■ **SOURCE DATA**
^^^^^^^^

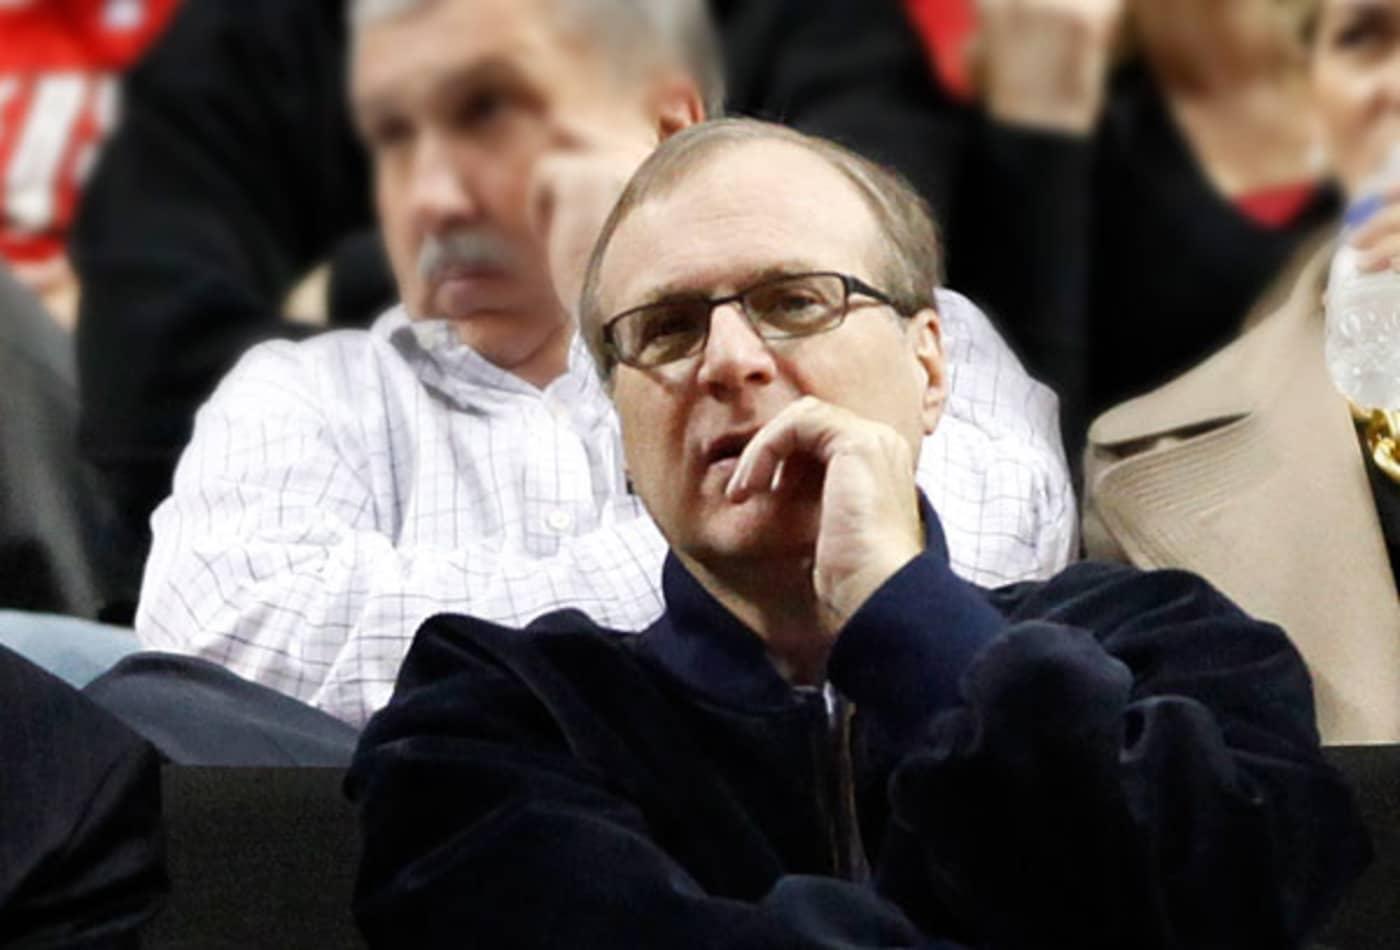 Paul-Allen-Billionaire-Sports-Team-Owners-CNBC.jpg
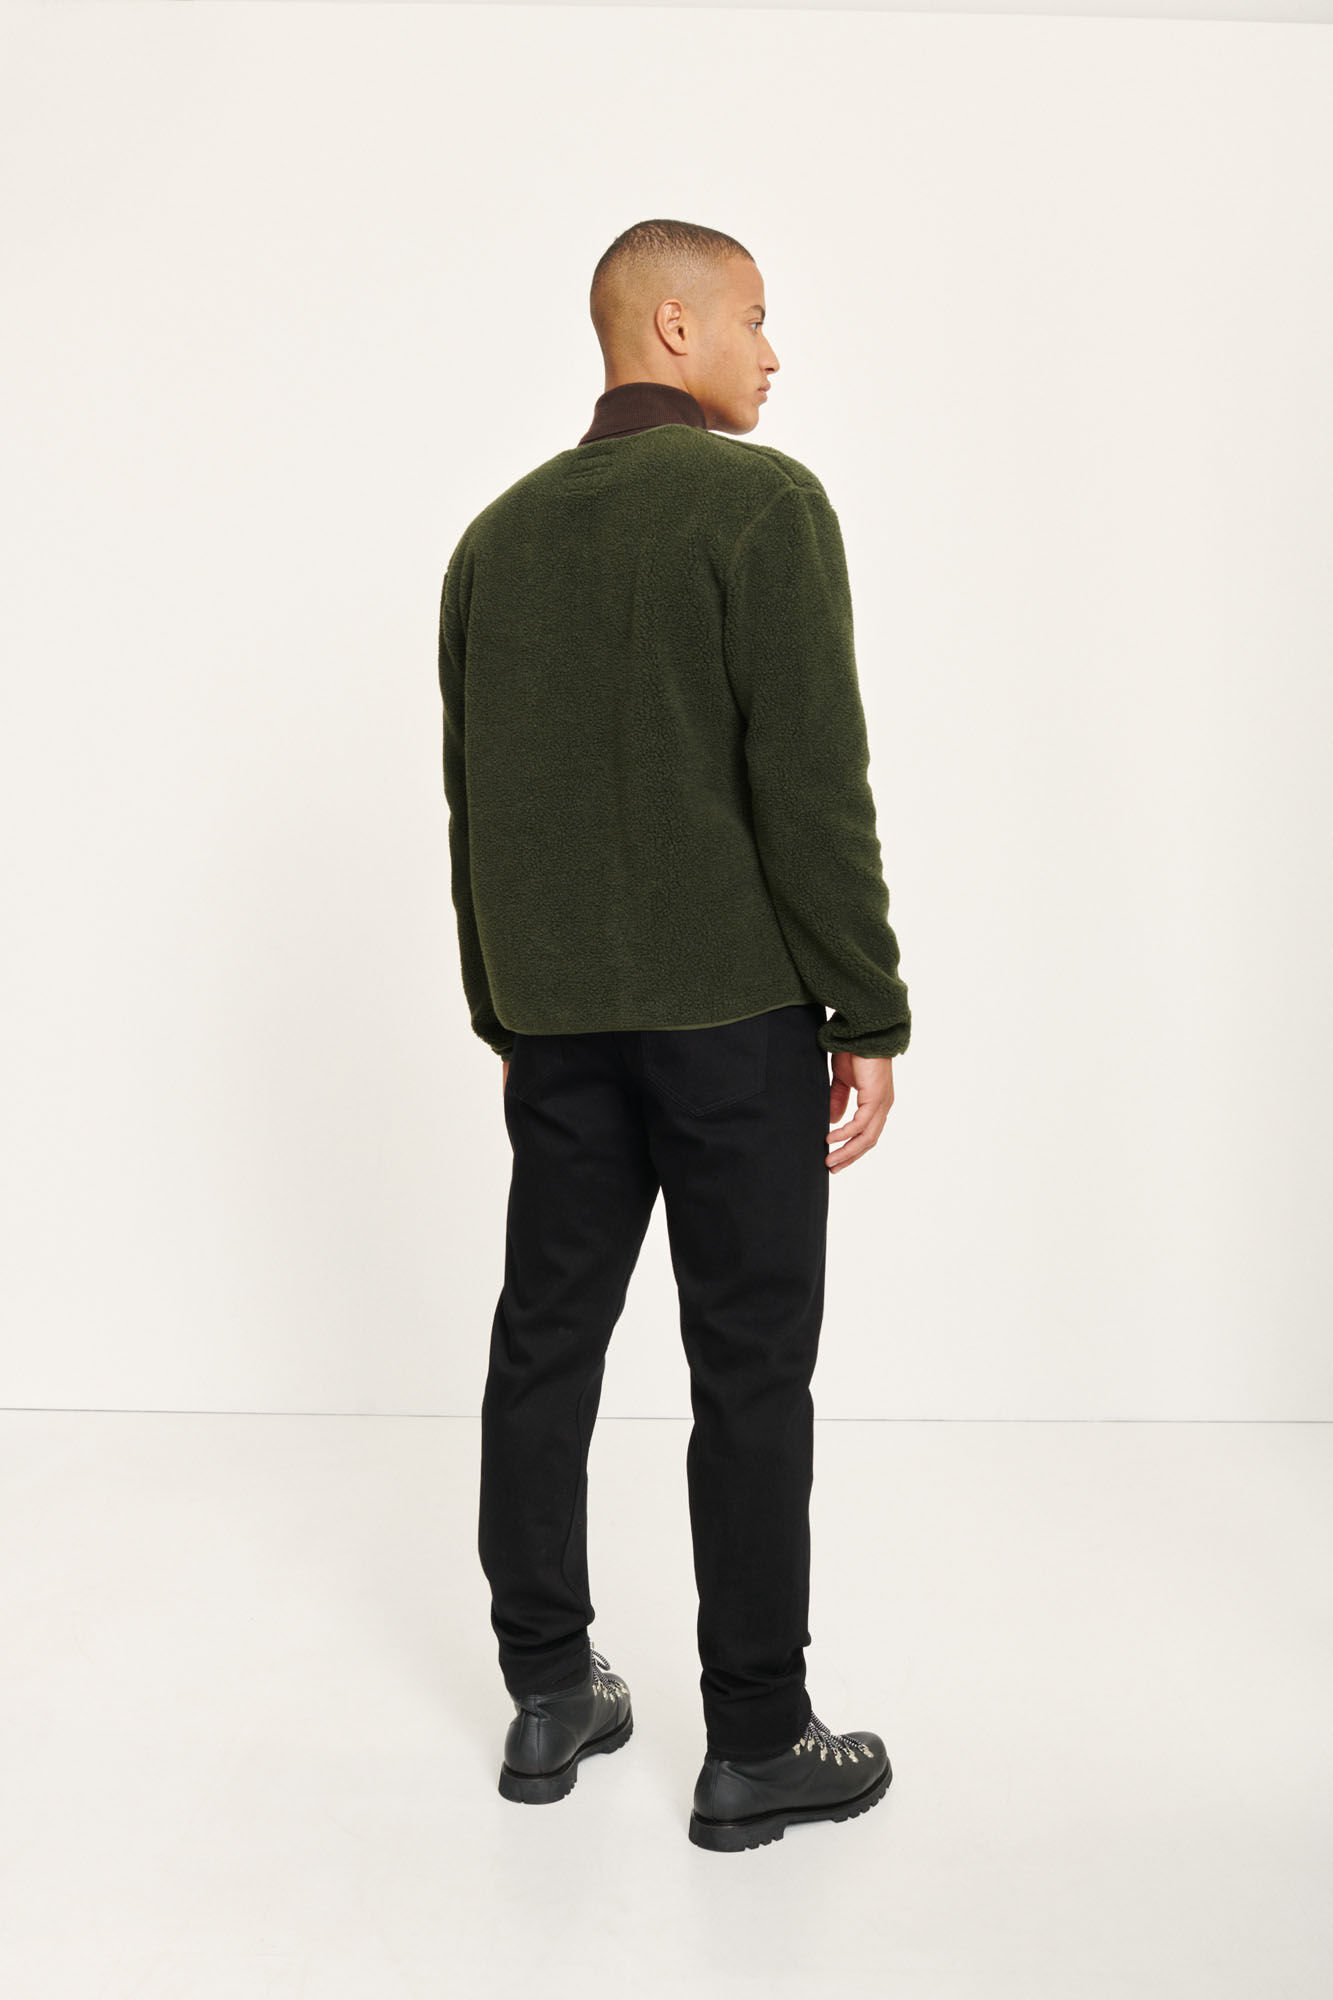 Cosmo jeans 13047, TRUE BLACK
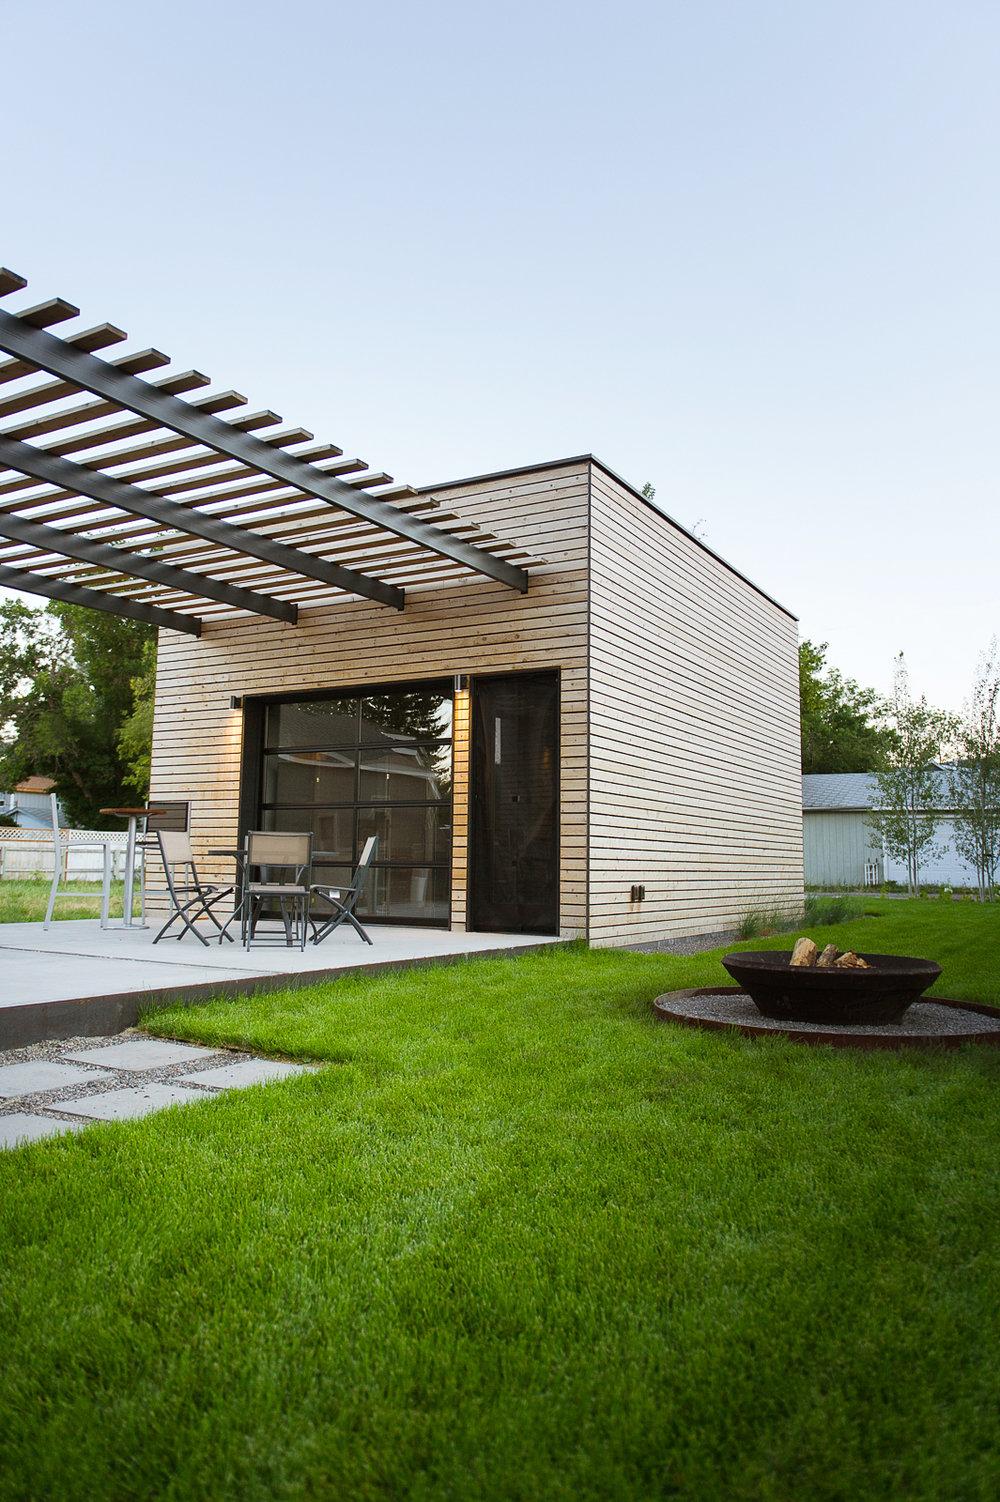 Woodworks-West-Bozeman-Montana-Builder-Cabinetry-Remodel-New-Construction-2800.jpg

^^^^^^^^

■ **WHAT NEEDS TO BE DONE**
Please reproduce the whole listing exactly; the pictures stay out.

■ **WRITTEN RESPONSE**
 Paul-Allen-Billionaire-Sports-Team-Owners-CNBC.jpg
 Cosmo jeans 13047, TRUE BLACK
 Woodworks-West-Bozeman-Montana-Builder-Cabinetry-Remodel-New-Construction-2800.jpg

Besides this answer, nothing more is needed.